I’ve gotten into the habit of struggling, really suffering through this situation. I had to remind myself that I find it relatively easy to free myself of habits, especially those that don’t serve me. It helped to be in Pune, a place that always clears my head. I moped a bit, slept a little too much at the wrong times, binge-watched Netflix, spoke a little much or too little to the wrong people and overslept the morning I was to return. And then I picked myself up and got onto that bus back. On the way, I looked at myself in that wonderful thing called the selfie camera and I realised I’d be okay.
The weekend was better. I started with a performance. I know the way to shake a habit is not to avoid it but to look it square in the eye. So I brought my story of Custody to stage. A friend accompanied me and then cooked me lunch. Another friend picked us up and we spent an evening together.
Somewhere along the way, we got to optimising my social media feed. Emotions and what’s happening in my heart will always lace the things I do and it’s best I let them instead of drawing artificial walls there. In the examining of the images that make up the last 6 years of my life, I found myself able to say this doesn’t matter any more, this must be removed, that can be put away without clinging. And 24 hours later, I have a cleaner feed and a lighter heart.
I am constantly coming of age, it’s true. And here, it begins again.
~O~O~O~O~O~O~
I think I’ll be coming of age for the rest of my life. I immerse myself so much in an experience, a person, a hobby or a job that it is a death of the rest of me. And then later, I must rebuild life all over again.
I’ve spent the better part of two years disconnected from people, especially personal relationships. And I think, for about three years before that I was too absorbed in a few specific people, to the exclusion of everything else, including the things that make my identity. This is the thing I have been examining for the past six months or so, since I decided to open my mind to the idea of boundaries.
All my life I’ve been told that this kind of immersiveness is bad, weak, dangerous. Post-mortem analyses of abusive relationships and substance addictions point to this trait as the prime cause. On the other hand, this very thing is also prized when it is labelled ‘passion’, ‘ambition’, ‘dedication’ or ‘loyalty’. So I guess it is neither good or bad, it just depends on the other people that it benefits (or not). Either way, it is a part of my innate nature so I cannot call it good or bad; it just is.

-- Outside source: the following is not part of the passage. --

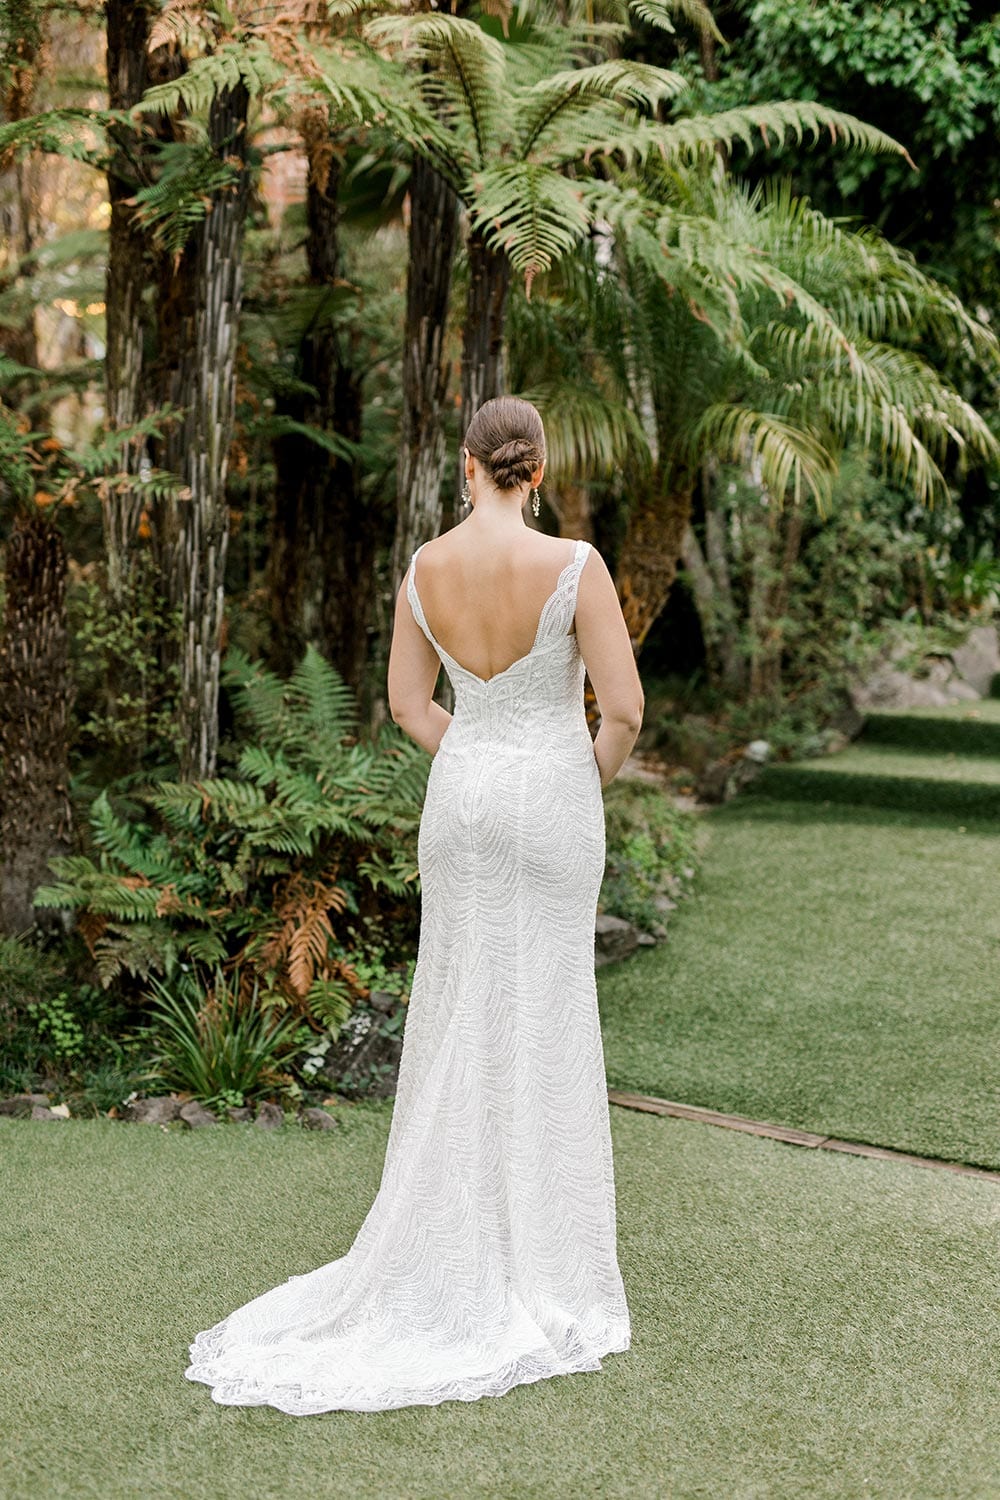 Juliette Wedding Dress from Vinka Design. Flattering stretch fitted lace wedding dress with beautiful ivory rich beading. Structured bodice provides support while remaining effortless to wear. Full length of dress from behind with train to the side. Photographed at Tui Hills.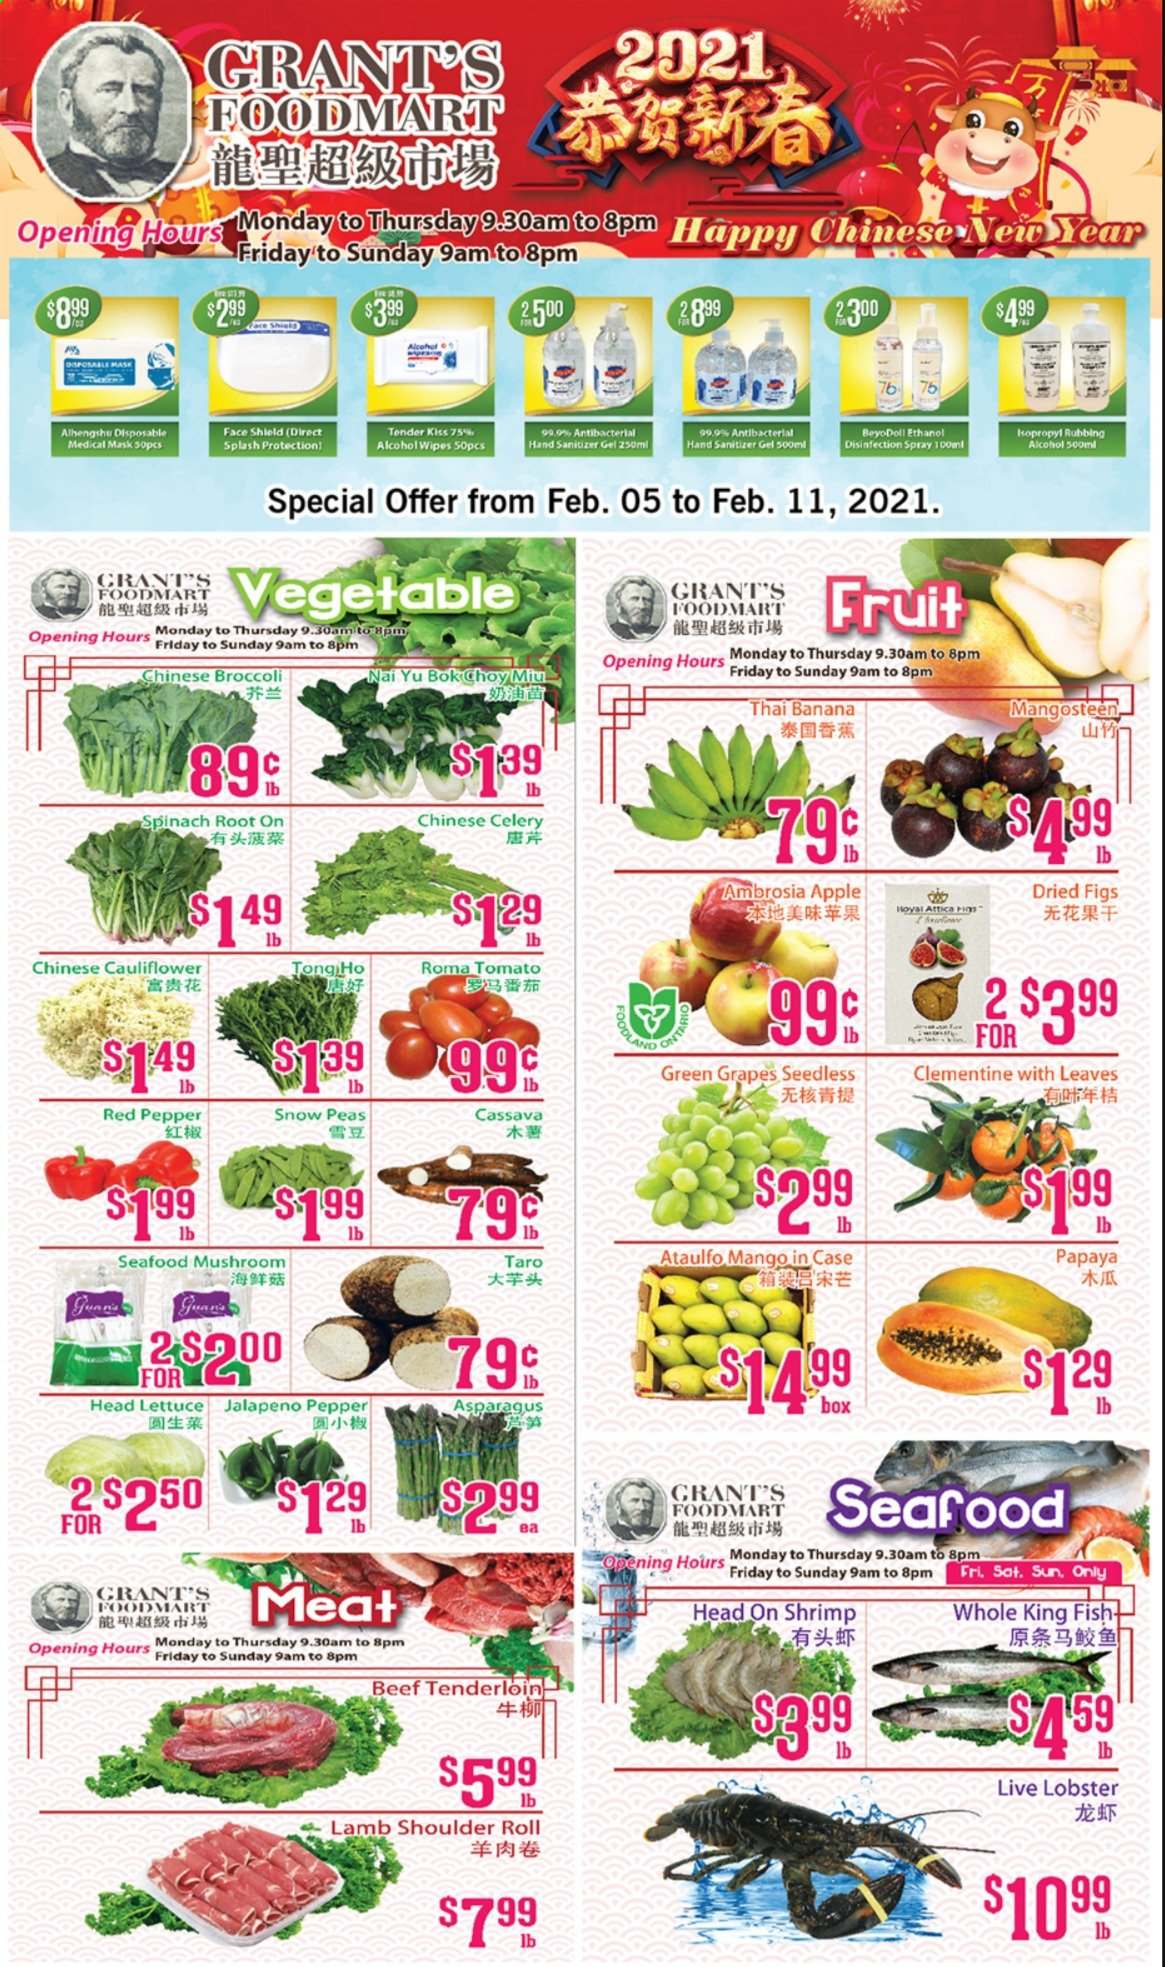 thumbnail - Grant's Foodmart Flyer - February 05, 2021 - February 11, 2021 - Sales products - mushrooms, asparagus, broccoli, cauliflower, celery, spinach, tomatoes, peas, lettuce, jalapeño, cassava, figs, grapes, mango, lobster, seafood, fish, king fish, shrimps, snow peas, dried figs, Grant's, beef meat, beef tenderloin, lamb meat, lamb shoulder, wipes, hand sanitizer, chinese broccoli. Page 1.

I know now that I am neither a weak, nor clingy, nor needy person. Astrology provides me the only language to explain this. I am water, after all, supremely capable of adapting, of easily taking other shape and form. I may even stand charged with having no colour or taste of my own but it would be wrong to say I possess no identity. Water endures where air merely drifts away, where earth wears away and where fire must die out without fuel. This cannot be anything but persistent identity.
The last week I spent in Pune, let me reflect on these things. Somehow it’s never quiet enough inside my mind, in Mumbai, for me to get to these realisations. And there’s the fact that in Pune, I’m welcome but never expected to be anyone or anything. There are no labels and those that there are, are quieter and more malleable. I guess that’s what a safe space should be like. This trip was good. Settling.
I’ve decided, like consciously made a decision, to build the relationships in my life. This means remembering people beyond the must-do actions and allowing conversations without agenda. It means not agonising over how unproductive or unintelligent I’m being. And it also means allowing myself the vulnerability of saying,
“Hey, I’d really like to meet you. For no reason at all. Will you meet me?”